The private sector echoed this call for coordinated implementation. Denis Ntege, a tour operator and Secretary of the Uganda Tourism Association (UTA), highlighted that private tourism actors were evaluating the Tourism Master Plan and Tourism Development Plan to extract the most urgent priorities for the coming financial year.
“We are analysing marketing, governance and regulation, quality assurance, culture and conservation. As tour operators, our primary focus is market penetration whereby we are present in major tourism markets and wooing potential visitors. But we also need strong conservation and public-private partnerships where each side supports where it is strongest,” he said.
For government, the workshop marked a timely opportunity to bridge funding gaps that have stalled key tourism interventions. Denis Ojok, Senior Statistician at the Ministry of Tourism, Wildlife and Antiquities acknowledged that while several priorities are clearly defined under NDP IV, many remain underfunded.
“We welcome ITC’s support to help us implement activities such as promoting destination Uganda, reviewing the tourism policy and upgrading the Tourism Master Plan. The ITC intends to bring in about 8 million Euros specifically for tourism development and private-sector- driven market initiatives,” Ojok said.
The Uganda Tourism Board (UTB) emphasised the importance of aligning budget priorities for the 2026/27 financial year with private-sector needs. Samora Semakula, UTB’s Quality Assurance Manager, said the discussions revealed critical gaps in capacity across the tourism value chain that must be addressed to achieve the country’s long-term tourism ambitions.
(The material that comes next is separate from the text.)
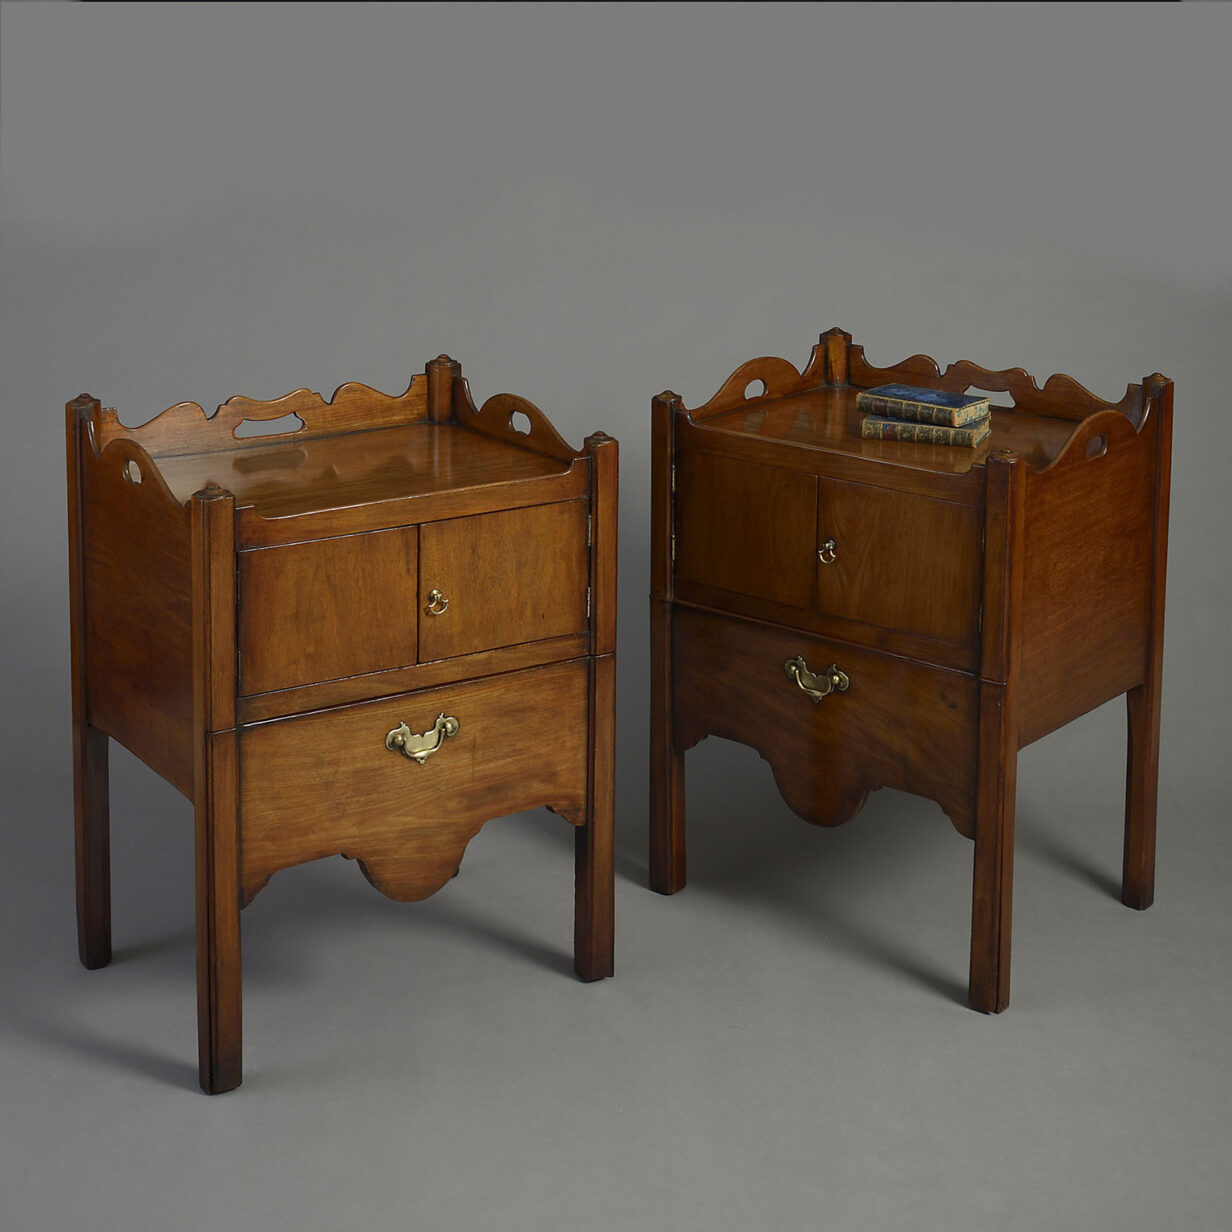 Pair of Mid-18th Century George III Chippendale Period Mahogany Bedside Commodes or Night Stands
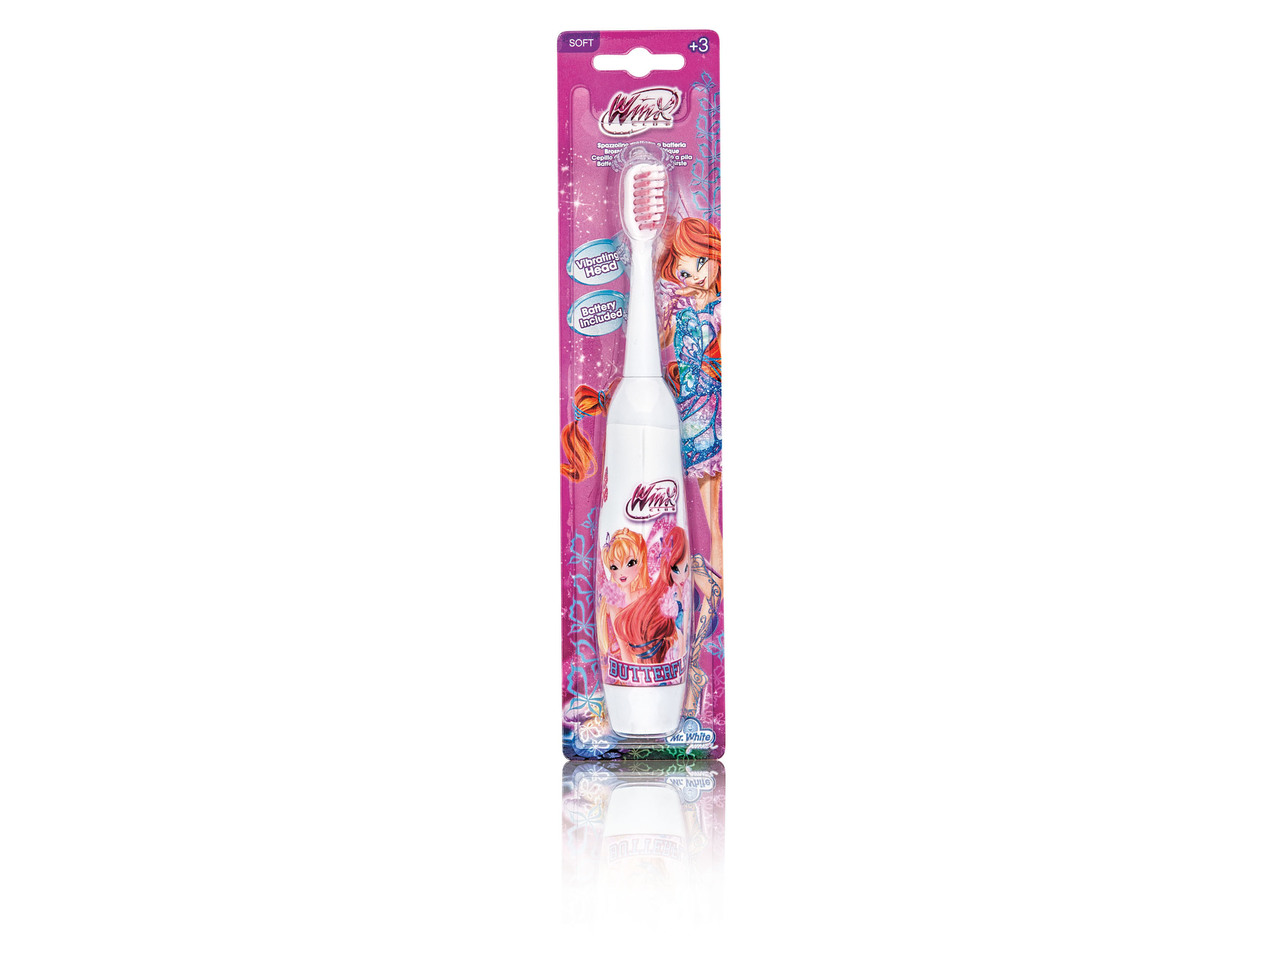 "Star Wars", "Hello Kitty" or "Winx" Electric Toothbrush

Guest speaker Lily Ajarova, Senior Presidential Advisor on Tourism, underscored tourism’s role as a driver of economic recovery and long-term transformation. She reaffirmed the government’s target of achieving tenfold tourism growth within the next decade.
She stressed the need to strengthening and diversifying our tourism products, supporting small, medium and community tourism enterprises and embracing innovations such as experiential driven travel, digital visibility and creative economy to remain relevant and competitive.